Tuesday’s big-spending and jobs-focused federal budget contains help for single parents and more first-home buyers to get into Australia’s hot property market, as well as tax relief for 10.2 million low and middle income earners.
The biggest housing initiative in the budget is aimed at encouraging more Australians nearing retirement to downsize from the family home by extending access to a superannuation contribution scheme.
What the 2021 federal budget means for property
“We will allow those aged over 60 to contribute up to $300,000 into their superannuation if they downsize their home, freeing up more housing stock for younger families,” Treasurer Josh Frydenberg said.
Realestate.com.au economist Anne Flaherty said the change could be useful in addressing the problem of housing affordability as property prices surge.
“Demand has been outstripping supply. Anything that can help to support an increase in supply should have a positive impact on affordability,” Ms Flaherty said.
Ms Flaherty said by encouraging retirees to downsize, there will be more houses available for young families to buy.
“House prices have been rising more rapidly than unit prices and for families looking to purchase a house it’s become increasingly difficult,” she said.
Changes to the government’s downsizer super contributions scheme will allow Australians nearing retirement to make a one-off contribution to their superannuation of up to $300,000 per person. Picture: realestate.com.au/buy
The budget includes a new Family Home Guarantee scheme to help 10,000 single parents over the next four years buy a home with a low deposit.
The government will also provide another 10,000 places under its popular First Home Loan Deposit Scheme plus an additional 10,000 guarantees specifically for first-home buyers purchasing newly-built homes, resisting calls to remove the caps.

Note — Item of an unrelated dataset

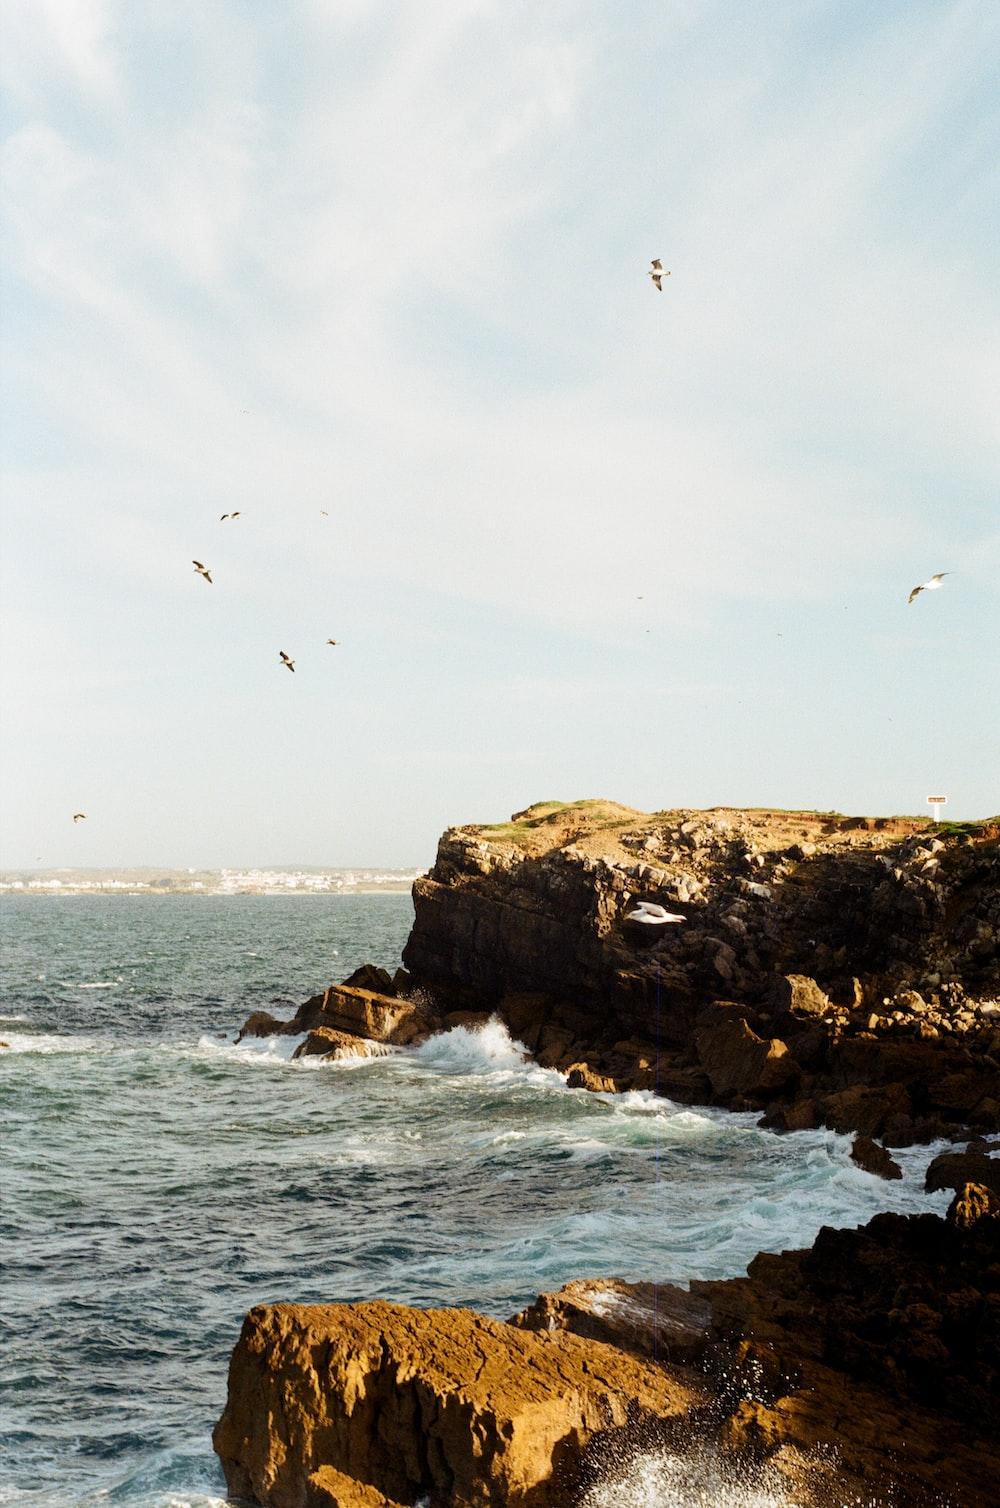 flock of birds flying under the sea

“It is becoming increasingly difficult for people to get into the market so this will go some way towards alleviating the deposit challenge,” Ms Flaherty said.
“However, the number of guarantees available under these schemes remains well below the level of demand, meaning some people will miss out.
“Therefore, more action is needed to address housing affordability, which could worsen as property prices rise.”
As part of superannuation changes, the government is extending access to its downsizer contributions scheme by lowering the minimum age from 65 to 60, from 1 July 2022.
The government said the change will allow Australians nearing retirement to make a one-off contribution to their superannuation of up to $300,000 per person (or $600,000 per couple) when they sell their family home.
“This improves the flexibility for Australians to contribute to their superannuation savings and may encourage people to downsize sooner and increase the supply of family homes,” the budget papers stated.
Changes for downsizers is expected to help women and others with moderate superannuation balances. Picture: realestate.com.au/buy
A budget document focused on women’s issues stated the change will give people more flexibility to contribute to their superannuation, especially women and those with moderate balances.
About 55% of those people who have used the downsizer contribution to date are women, and 73% have balances less than $500,000, the statement noted.
Ms Flaherty said the move may encourage more people to downsize, particularly women.
“The downsizer scheme could be comparatively more attractive to women who on average have lower superannuation balances,” she said.
Real Estate Institute of Australia president Adrian Kelly said the incentive for Australians aged 60 and over to sell the family home and move to housing that better suits their lifestyle should encourage turnover in a tightly-held market.
Stone Real Estate CEO Peter Mumford said the move will help older Australians who are nearing retirement age and are asset rich and cash poor.
“The scheme should also target regions where supply is a problem, which will help ease property prices and open the door for young Australians who have been locked out of desirable regions,” Mr Mumford said.
Industry Super Australia chief executive Bernie Dean noted that wealthy self-funded retirees are the most likely to benefit from the downsizing measure.
Realestate.com.au economist Paul Ryan questioned how much impact the downsizer age change would have, noting the impact on the age pension can deter retirees who may want to move into more suitable accommodation.
“At the margin it may help release family homes onto the market but it’s not going to be big beer,” Mr Ryan said.
“People have already been able to make non-concessional contributions of $100,000 per year (more with bring-forward arrangements) so I’m not sure that not being able to put the money into superannuation has been a big impediment to downsizing.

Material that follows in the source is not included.